**WORK ITEM**
An exact transcription of the listing, without its images, is what the answer must contain.

**DATA BELOW**
□ □ □ □ □ □ □

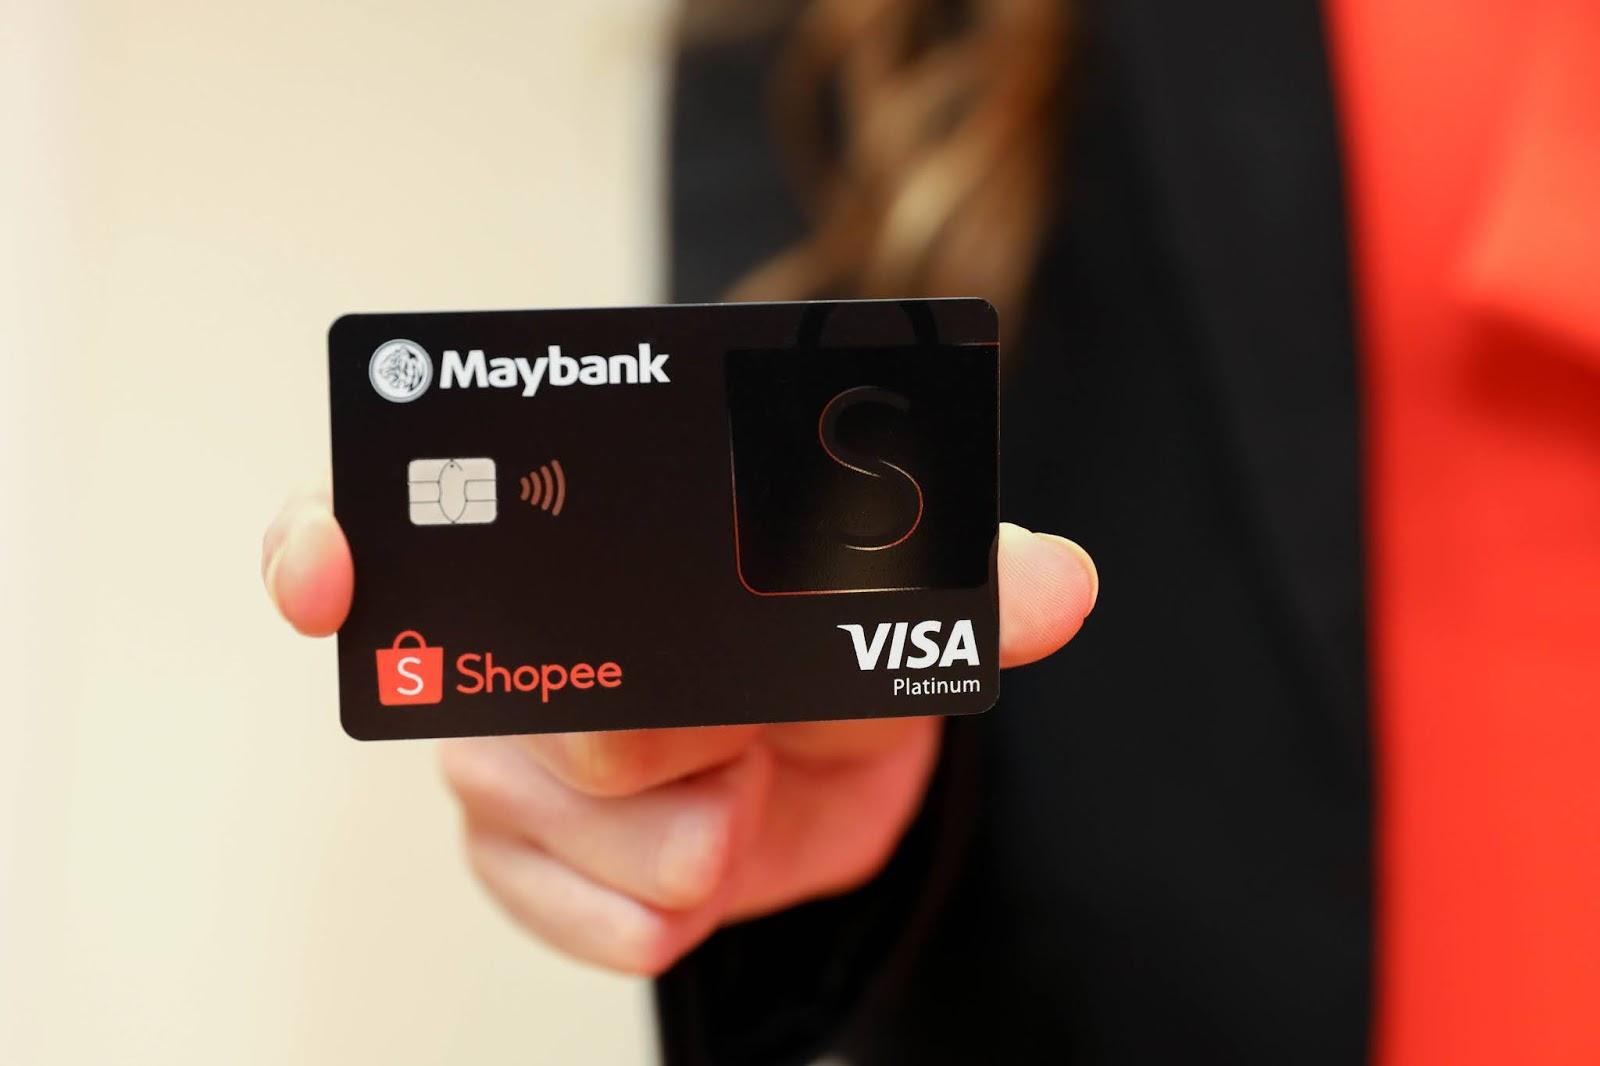 Maybank Shopee Credit Card
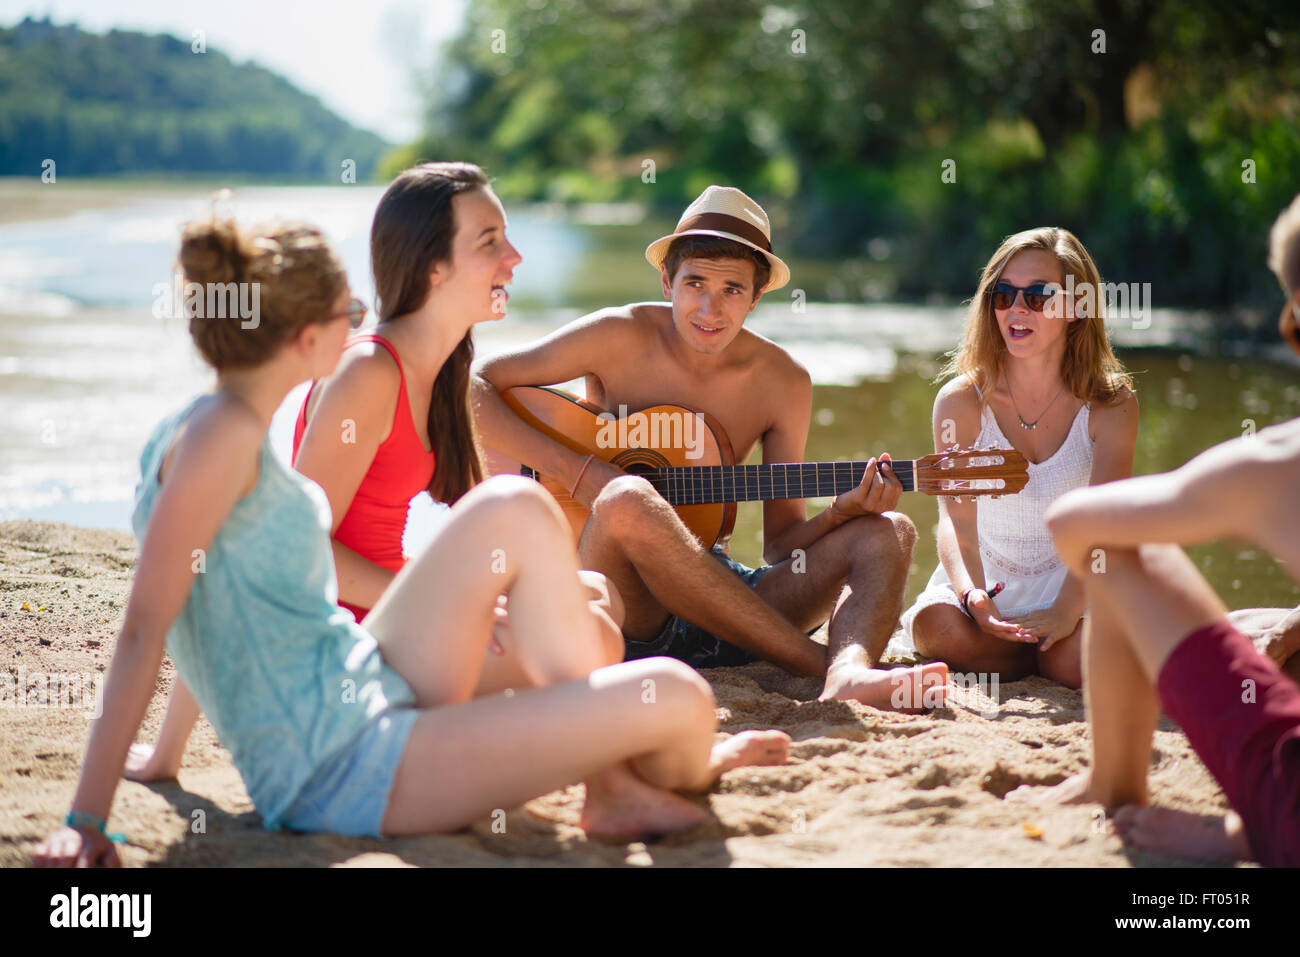 Junge Teenager am nackten Strand
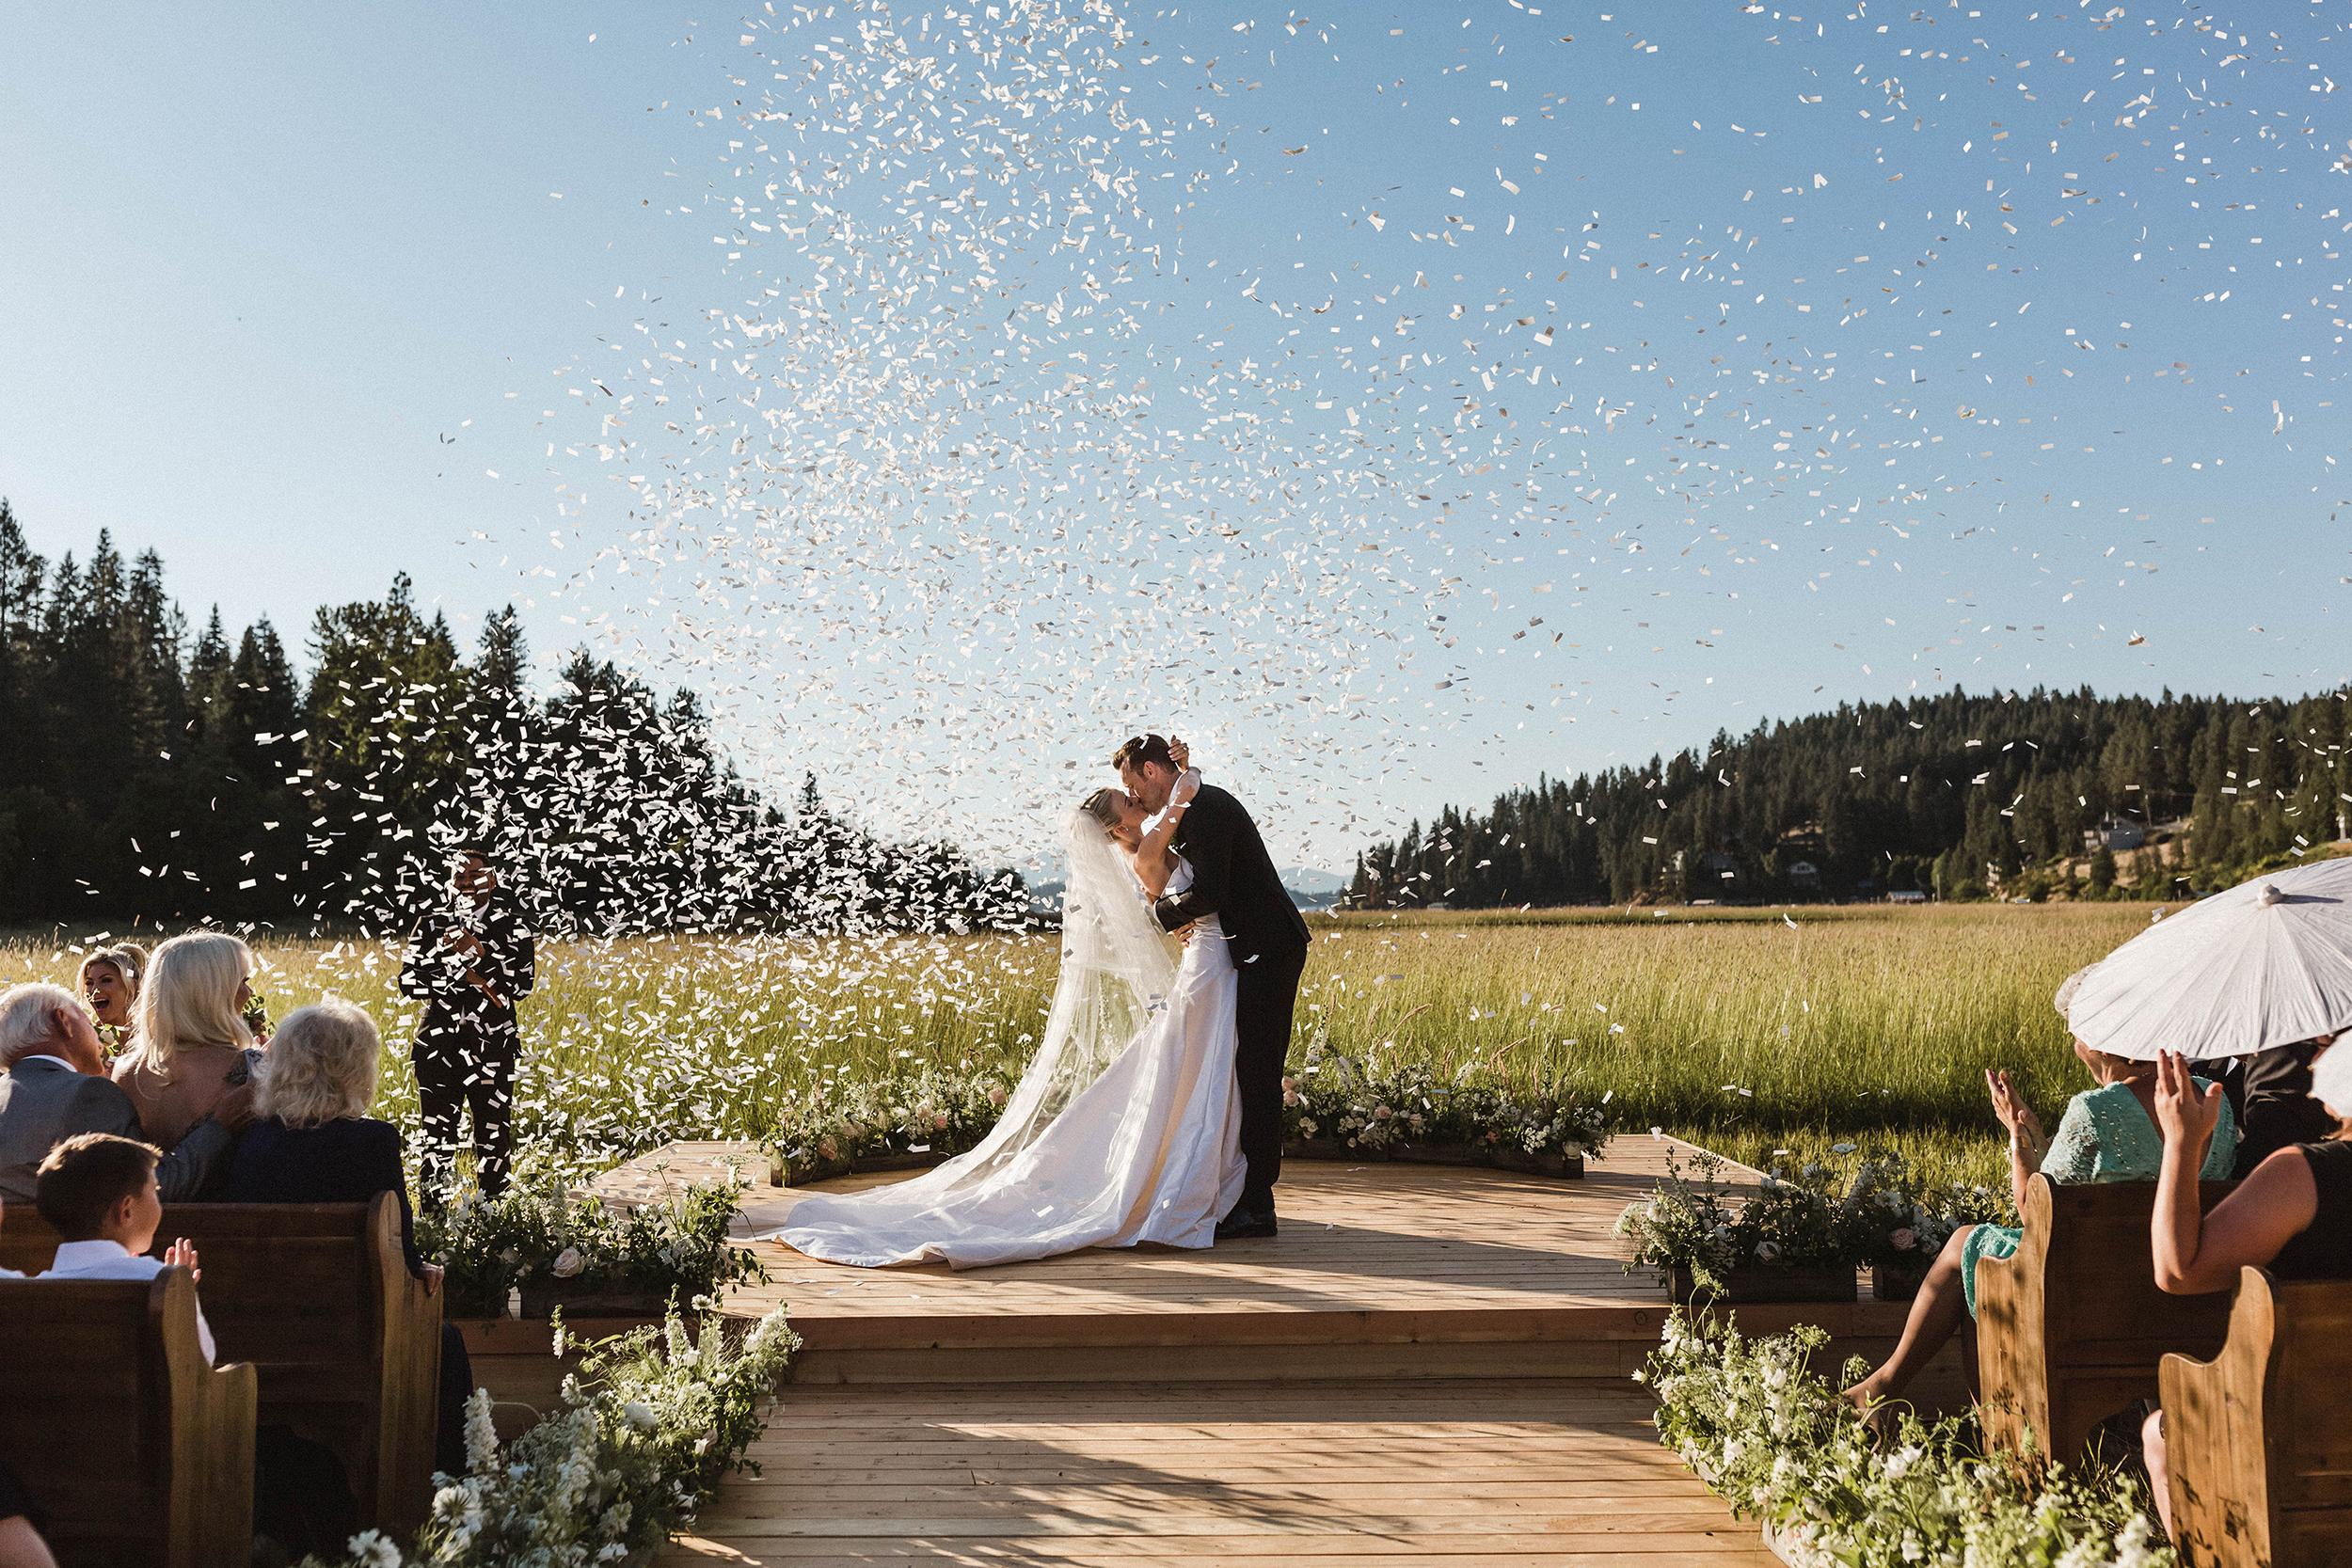 julianne hough and brooks laich wedding

□ □ □ □ □ □ □

**FINAL ANSWER**
 Maybank Shopee Credit Card
 Junge Teenager am nackten Strand
 julianne hough and brooks laich wedding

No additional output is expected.